The key to answering these Challenges is to realize that you need to search all 10 campuses at the same time.  

You could do a query like:  


     [ coral seminar June 2014 site:ucsd.edu OR site:ucdavis.edu OR  ...etc etc...   ] 

but that's pretty unwieldy, especially if you're going to do a query like this more than once.  
This is a task that calls for a Google Custom Search Engine.  

What IS a Custom Search Engine?  (aka CSE)  It's basically a way to encapsulate a search query and then add a few extra terms when you actually do the search.  

As an example, if you look on the right side of this blog you'll see a box that's labeled "Search the SearchResearch Blog" -- see that?  If you put search terms in there and click on the Search button next to it, you'll run a search that is over JUST all of the postings and comments from the blog.  It's just as though you've done a search with a site:searchresearch.blogpost.com filter on.  

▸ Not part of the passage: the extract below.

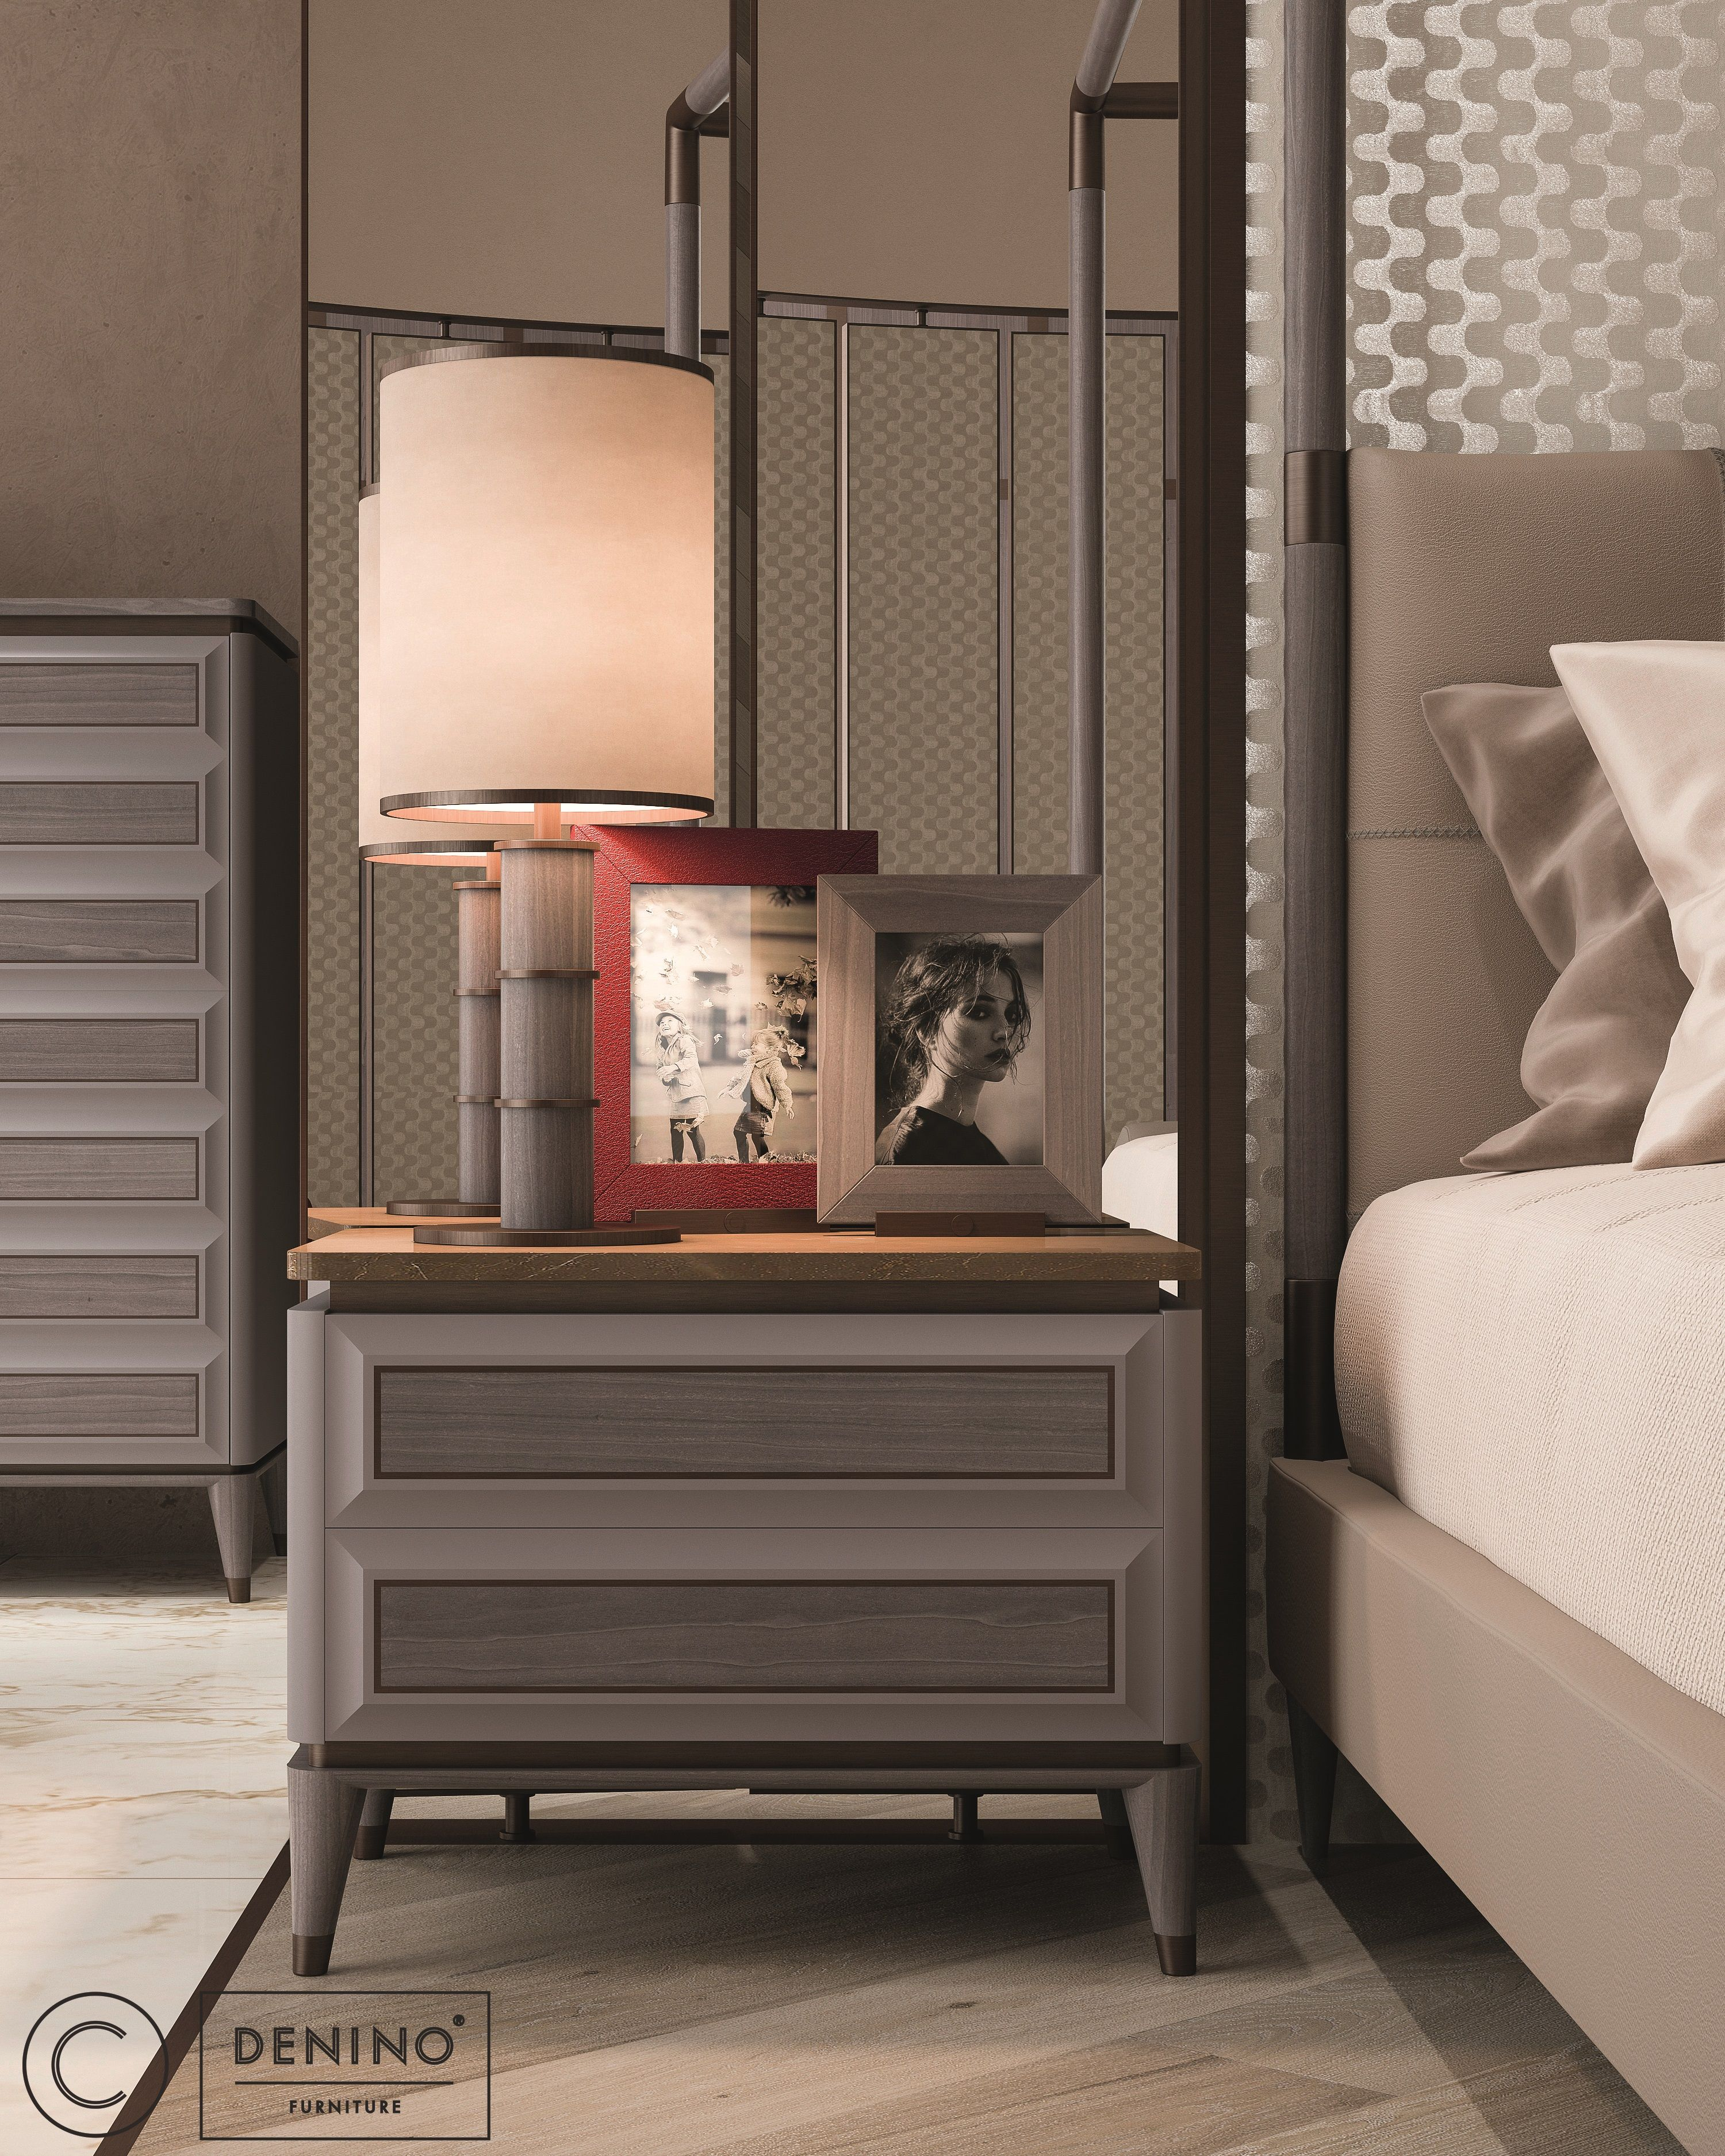 Cipriani Homood x Denino Furniture offer sophisticated

In essence, it takes whatever terms you put into the query box and appends them to that site:searchresearch.blogpost.com and sends it to regular Google.  So, if you want to find that post I wrote about parrotfish poop, you'd be doing a search like this: 

     [ parrotfish poop site:searchresearch.blogpost.com ] 

Obviously, you can do a lot more with this (because ANY legal query can be the basis for the CSE), but for the moment you can think of the CSE as a giant SITE: restriction.  

How does that help us?  

Because what I want to do is repeatedly do queries with a long list of SITE filters:  

     [ coral seminar June 2014 site:ucsd.edu OR site:ucdavis.edu OR   ...etc etc...   ] 

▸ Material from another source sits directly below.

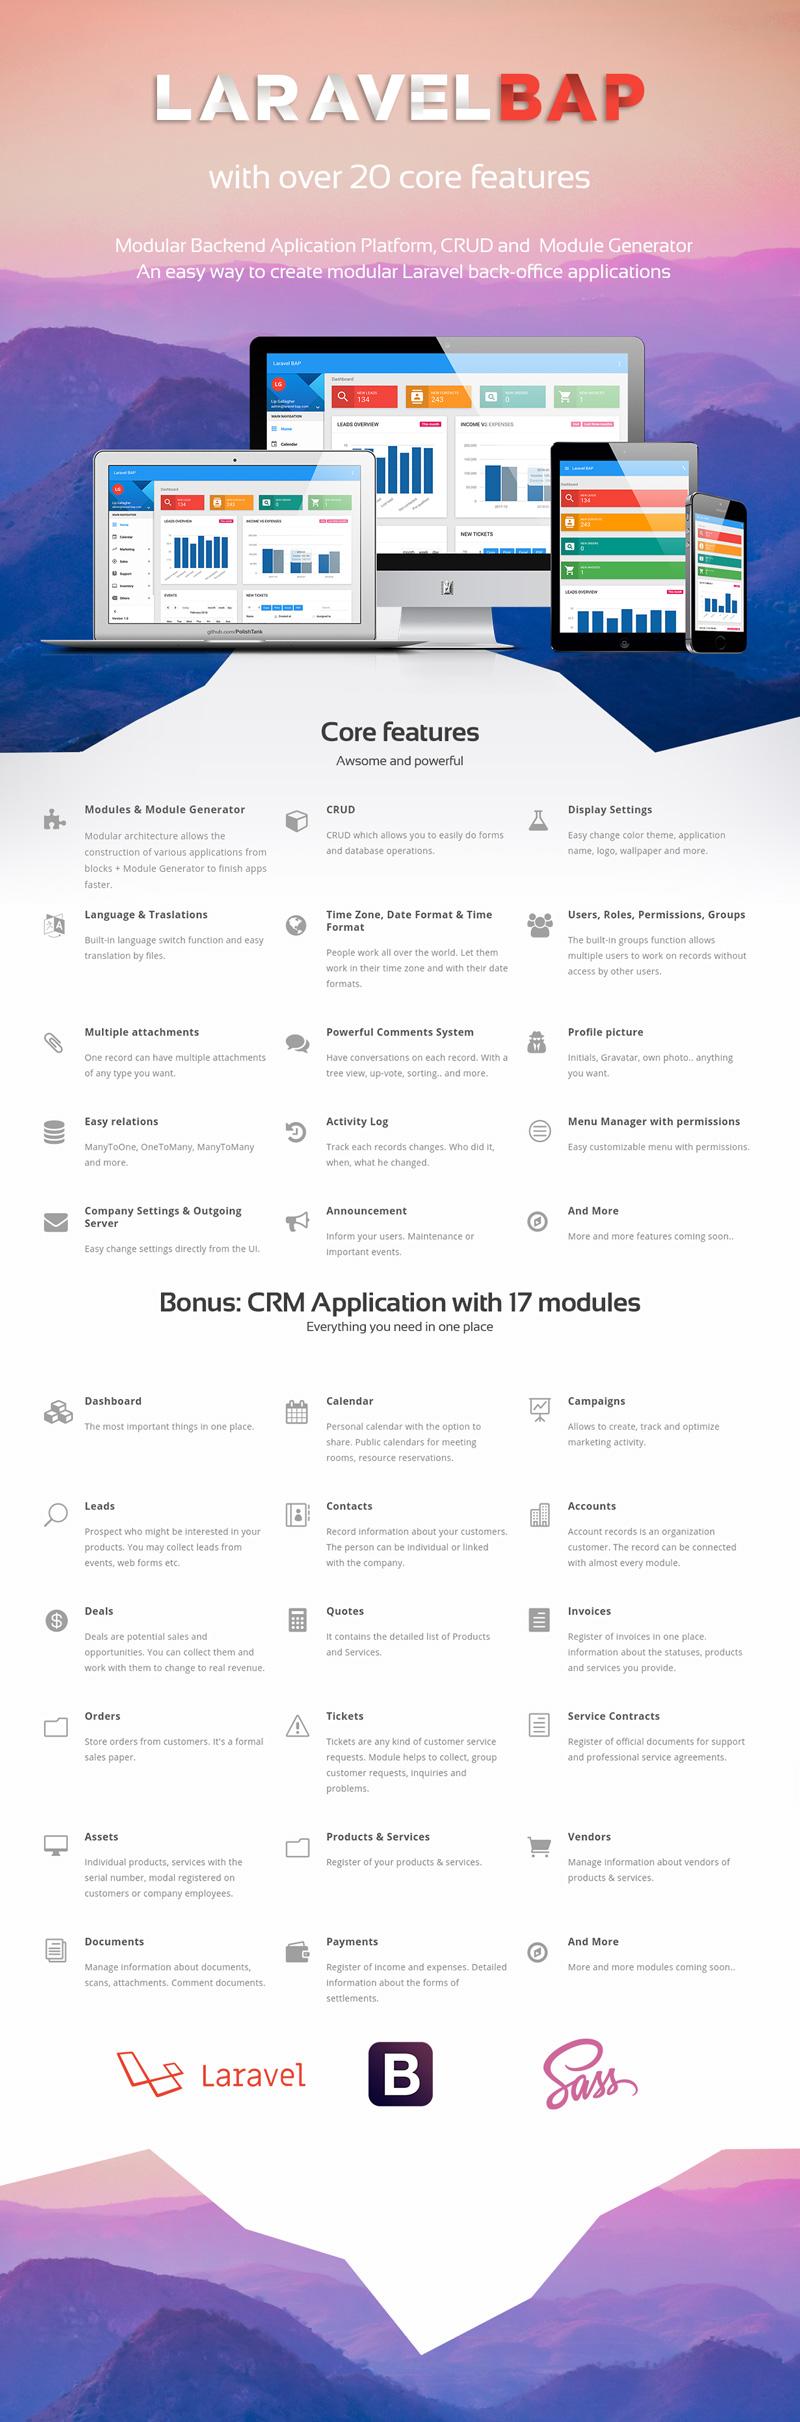 Laravel BAP - Modular Application Platform and CRM - 1

So let's build a CSE that searches over ALL of the ten UC campus websites. 

The first time you go to the CSE web page (Google.com/cse), it will look something like this: 



To make a new CSE, click on the "Create a custom search engine"  (it's all free--don't worry).  

When the creation page opens up, enter a reasonable title for your CSE.  Here I've put in "UC Campus Search" 





And now you have to add in the sites for the UC campuses.  You do this by adding each campus site in the "Sites to search" at the top of this page.  In the image below I've started to fill in a few... starting with UCSD.edu, the UCSF.edu, etc.  (Don't worry if you don't do all 10 campuses here, you can always add more later.)  

Note that I just used the top-level domain for each campus.  (e.g UCSD.edu)  The CSE will automatically include all of the subdomains (e.g., Scripps.UCSD.edu) in the search results.  






Once you've added in the top-level domains for all 10 campuses, you'll have the "UC Campus Search" CSE!  

LINK to my "UC Campus Search" CSE.  You can use this to follow along for the rest of the blogpost, but I encourage you to try it out yourself.  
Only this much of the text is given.